→ **Exercise requirements**
Print the listing in its entirety and exactly, leaving out images.

Raw data START

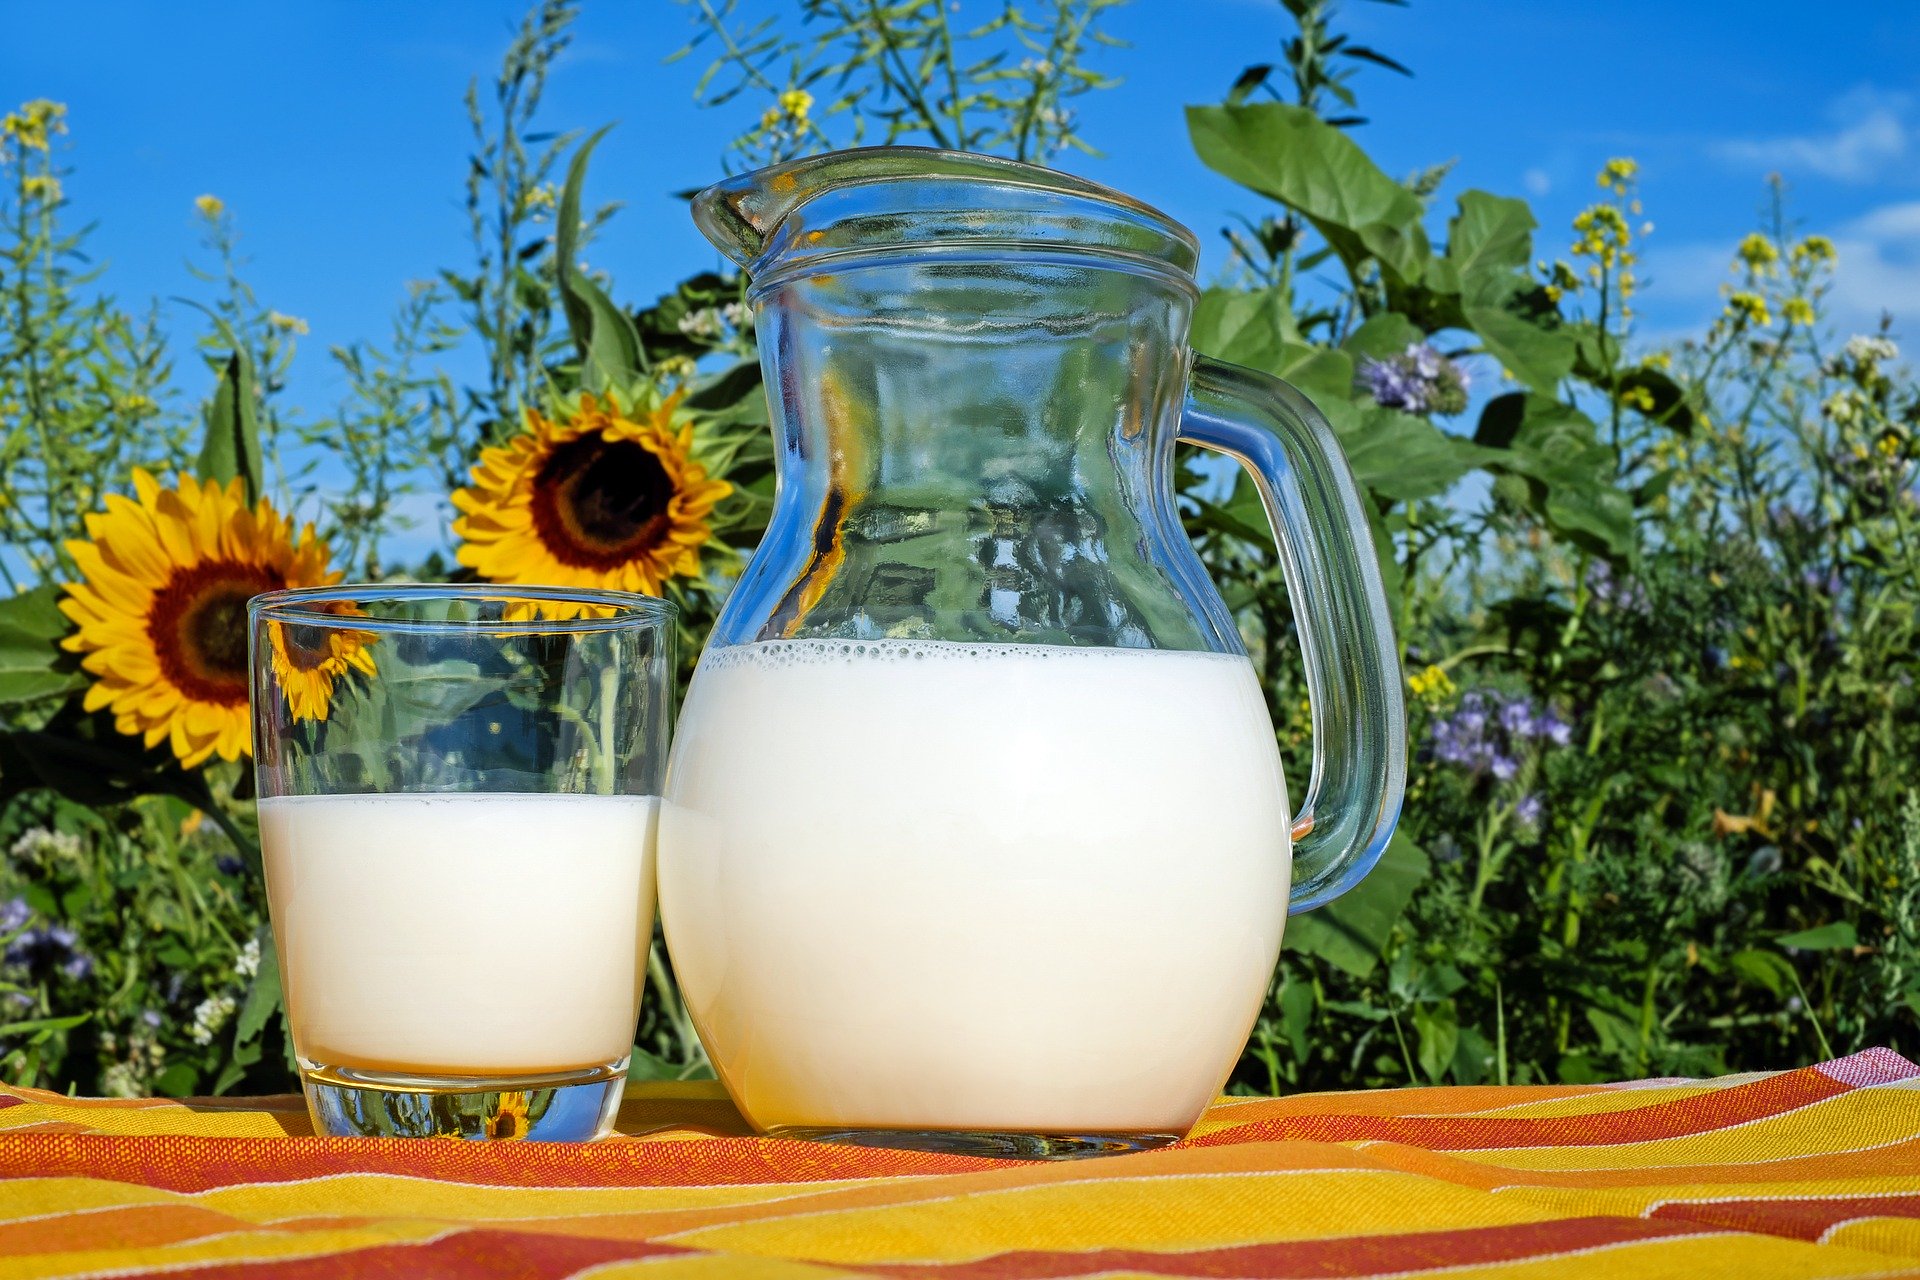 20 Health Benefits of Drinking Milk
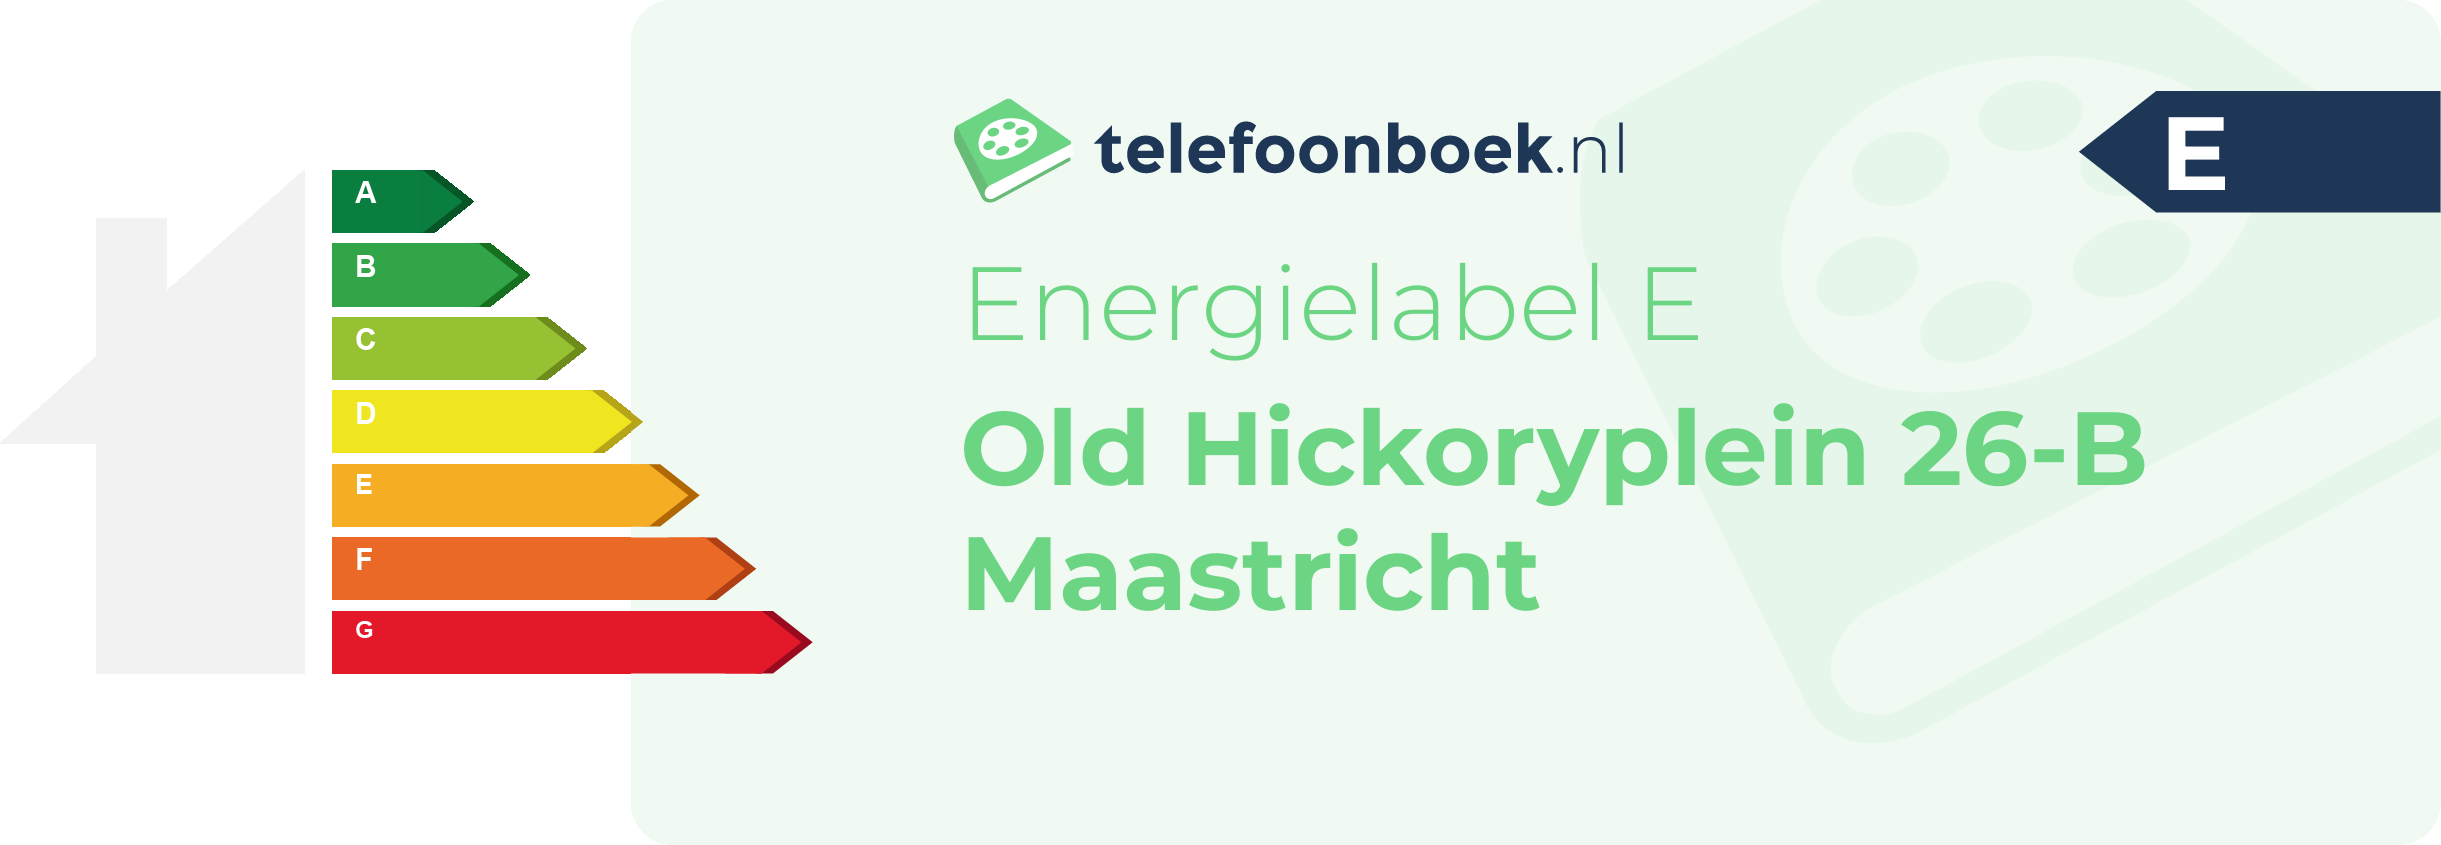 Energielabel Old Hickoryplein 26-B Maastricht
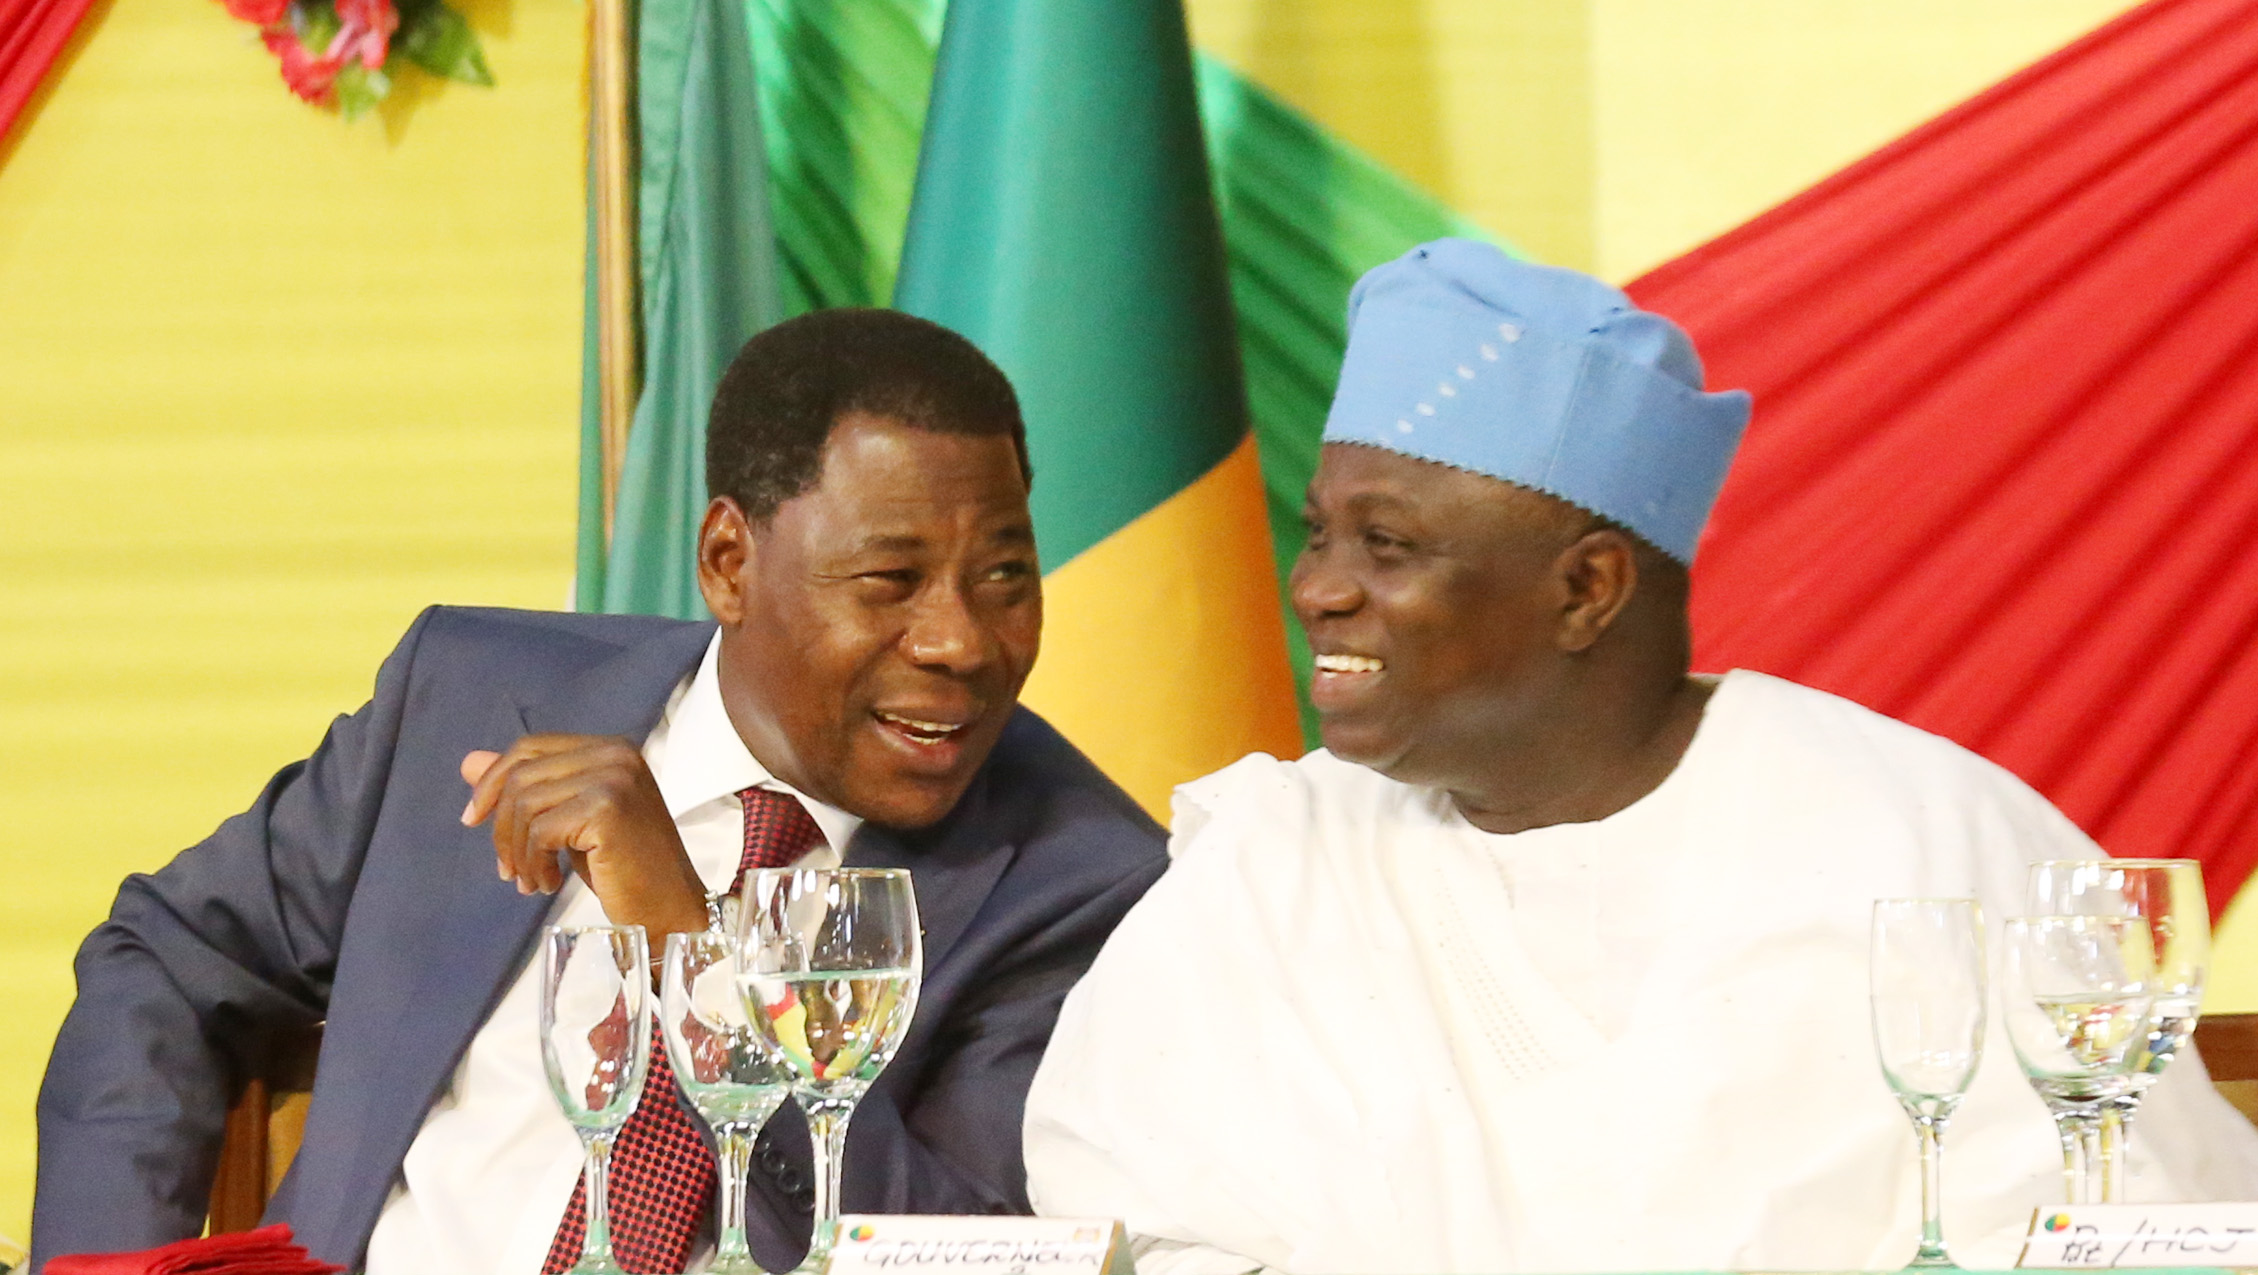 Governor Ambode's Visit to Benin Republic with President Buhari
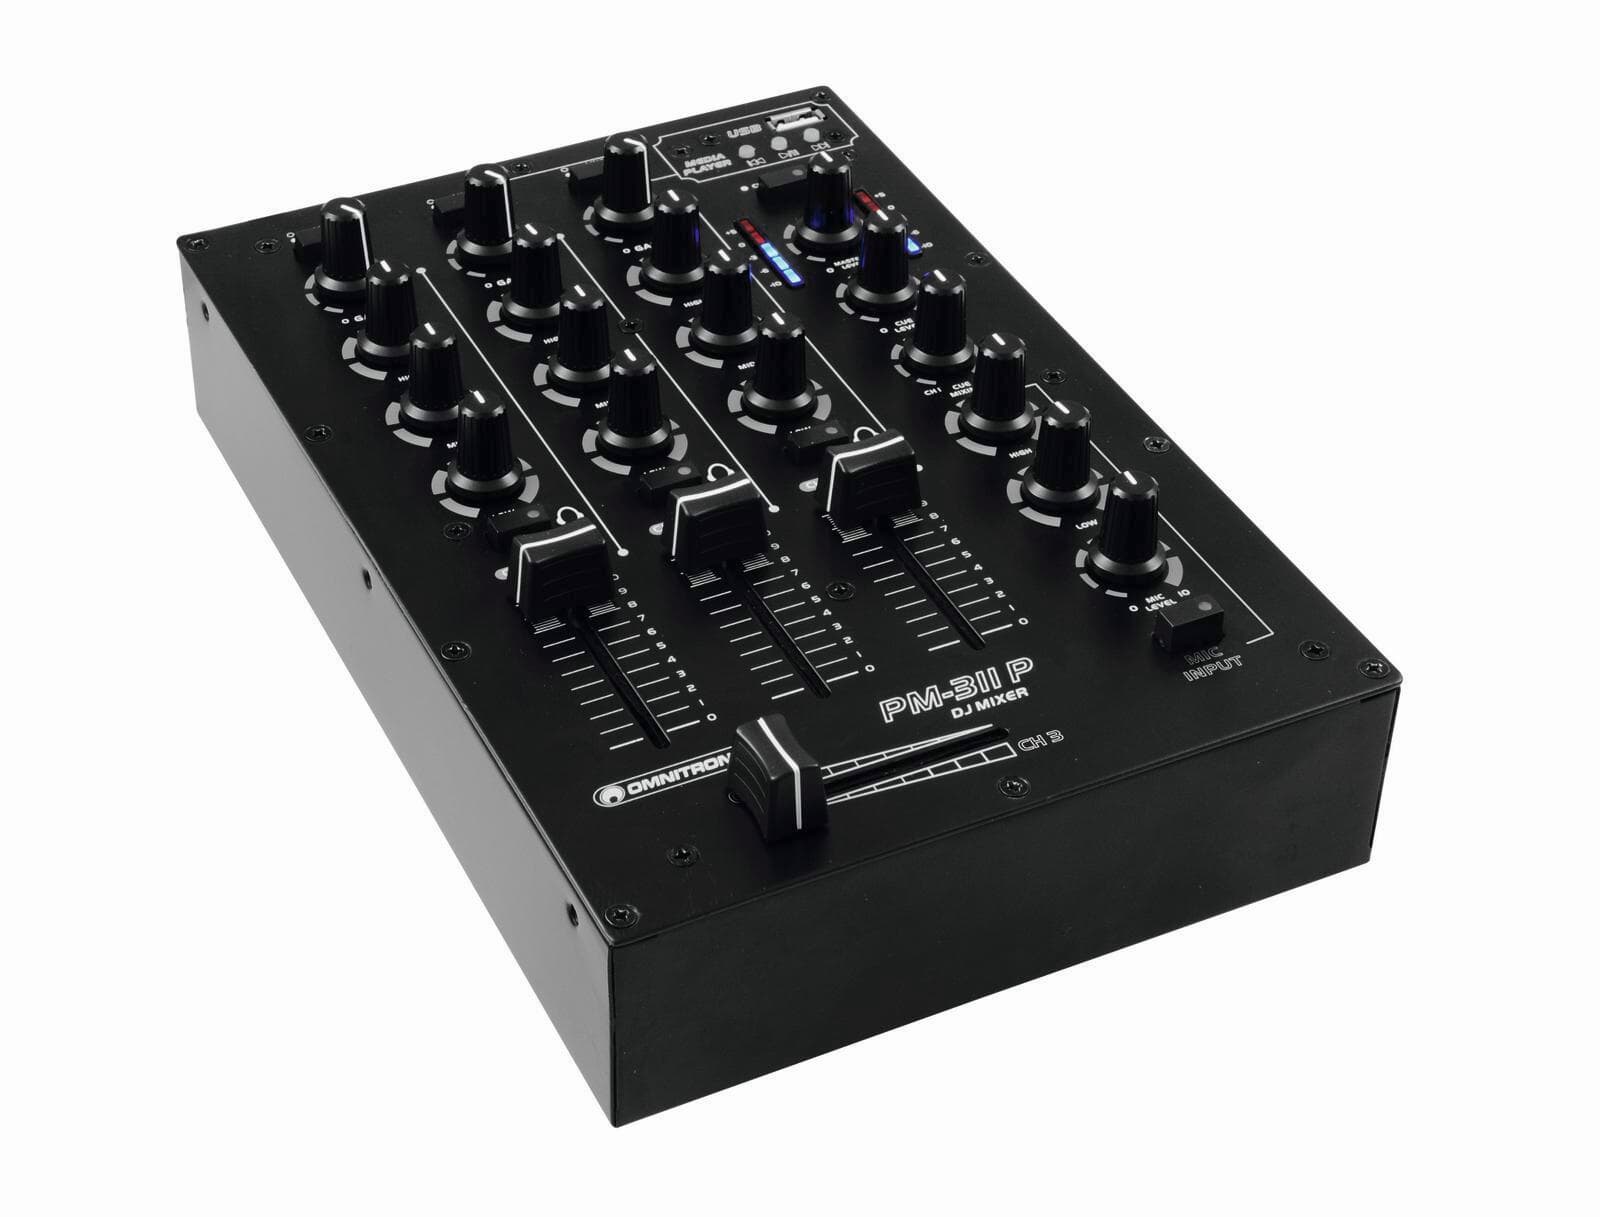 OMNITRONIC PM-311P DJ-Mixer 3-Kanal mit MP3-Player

Raw data END

→ **Result of the task**
 20 Health Benefits of Drinking Milk
 Energielabel Old Hickoryplein 26-B Maastricht
 Governor Ambode's Visit to Benin Republic with President Buhari
 OMNITRONIC PM-311P DJ-Mixer 3-Kanal mit MP3-Player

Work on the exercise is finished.